|Ph.D Student||Gready David|
|Subject||Carrier Dynamics in Quantum Dot Lasers|
|Department||Department of Electrical Engineering||Supervisor||Professor Emeritus Gad Eisenstein|
|Full Thesis text|
This thesis deals with a study of dynamic and static properties of high speed quantum dot lasers. Quantum dot lasers have unique properties such as: Low threshold currents, high temperature stability and near zero linewidth enhancement factor. For many years, such lasers could not be modulated at high speeds (compared to quantum well lasers). The reason is difficulties in achieving high differential gain in low dimensionality media. This has changed in recent times due to important advances in epitaxial technology for InP quantum dots.

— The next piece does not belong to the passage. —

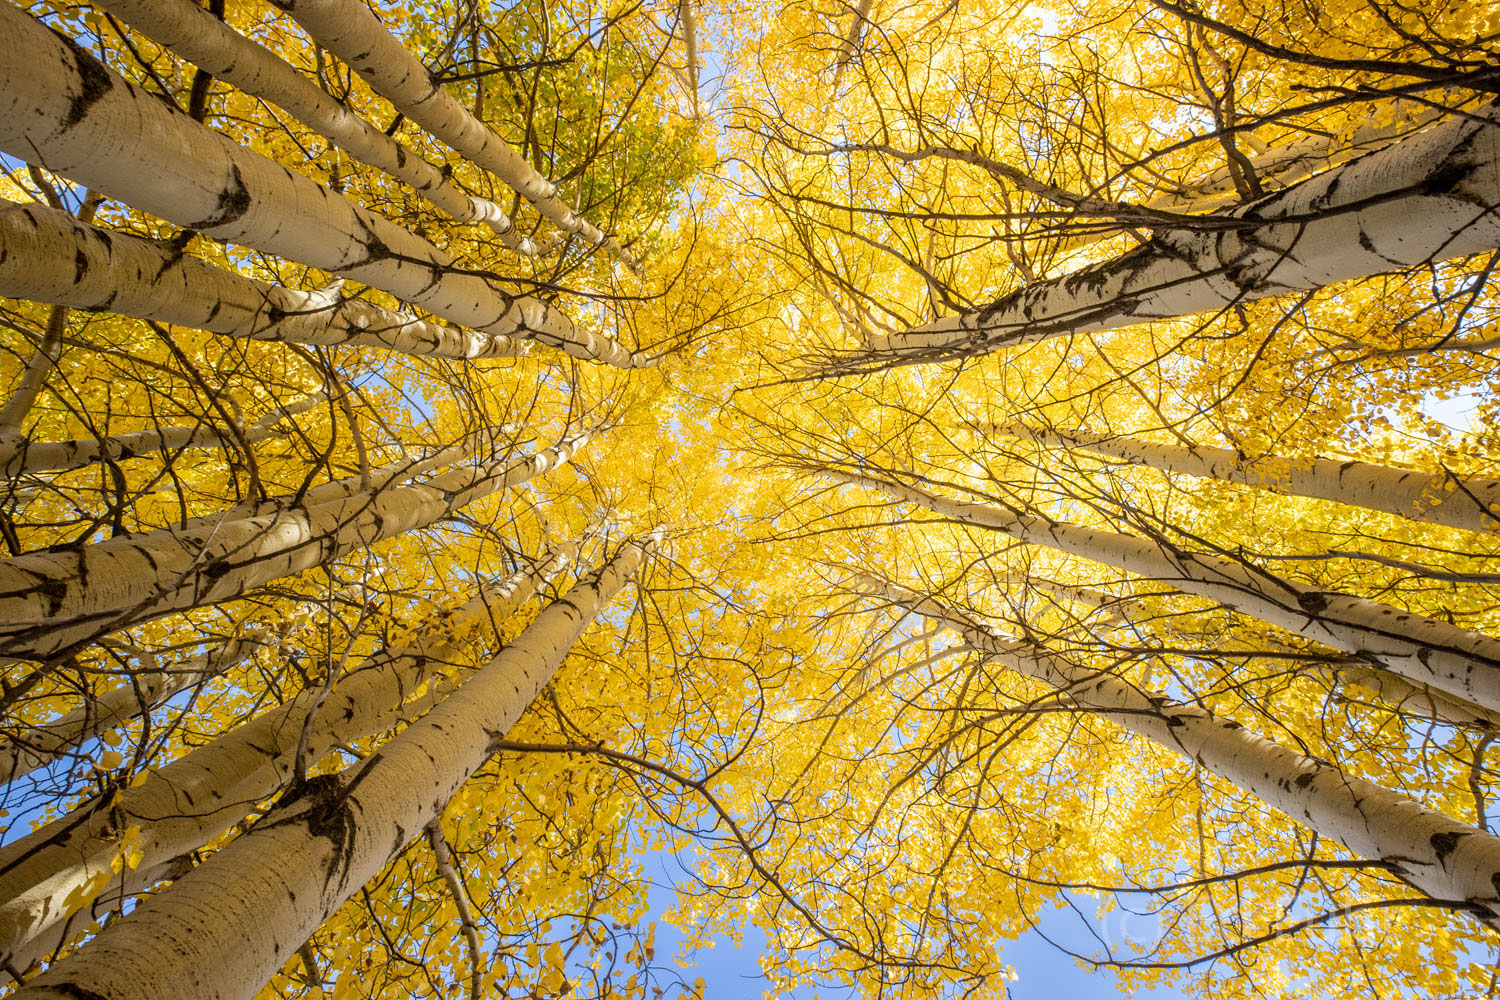 Into the high blue sky above, a grove of aspen, with their finest golden coat ablaze, stretches higher and higher, creating a...

For the theoretical part of the thesis, an extensive spatially resolved model was developed, taking into account the interaction between carriers (electrons, holes) from different energy levels. The model also includes gain broadening effects (homogeneous and inhomogeneous broadenings). The model was used to study the dynamical behavior of InP based quantum dot lasers operating at the important wavelength of 1550nm. InP based quantum dot lasers were rare until recently and the ones that existed had inferior behavior compared to their GaAs counterparts which operate near 1300nm. Recent advances brought to the scene high quality lasers with very high modal gain and high speed modulation capabilities so that the proper modeling of these lasers became crucial.
A similar model was also used for studying the dynamical properties of GaAs based quantum dot lasers exploiting tunneling injection scheme. Quantum dot tunneling injection lasers have shown a remarkable dynamic behavior, which can be explained using gain broadening effects.
The first generation of the new InP based QD lasers showed record modulation rate of 15 Gbit/s, measured at Technion. Using the spatially resolved model we designed new structures which enabled our collaborators to produced optimal lasers which showed large signal record rate of 22 Gbit/s.
In addition to the high speed measurements for both small and large signal, the relation between the small and large signal direct modulation were investigated. Recent results for quantum dot lasers suggest that the small signal modulation bandwidth is not a good predictor for large signal capabilities. We analyzed this relation using a numerical model in addition to an analytic investigation and proved that in QD lasers, a narrow small signal modulation bandwidth may be accompanied by large signal modulation at very high rates.
Finally the numerical model was expanded to include the gain and refractive index coupling so that the index dynamics of the laser is also accounted for.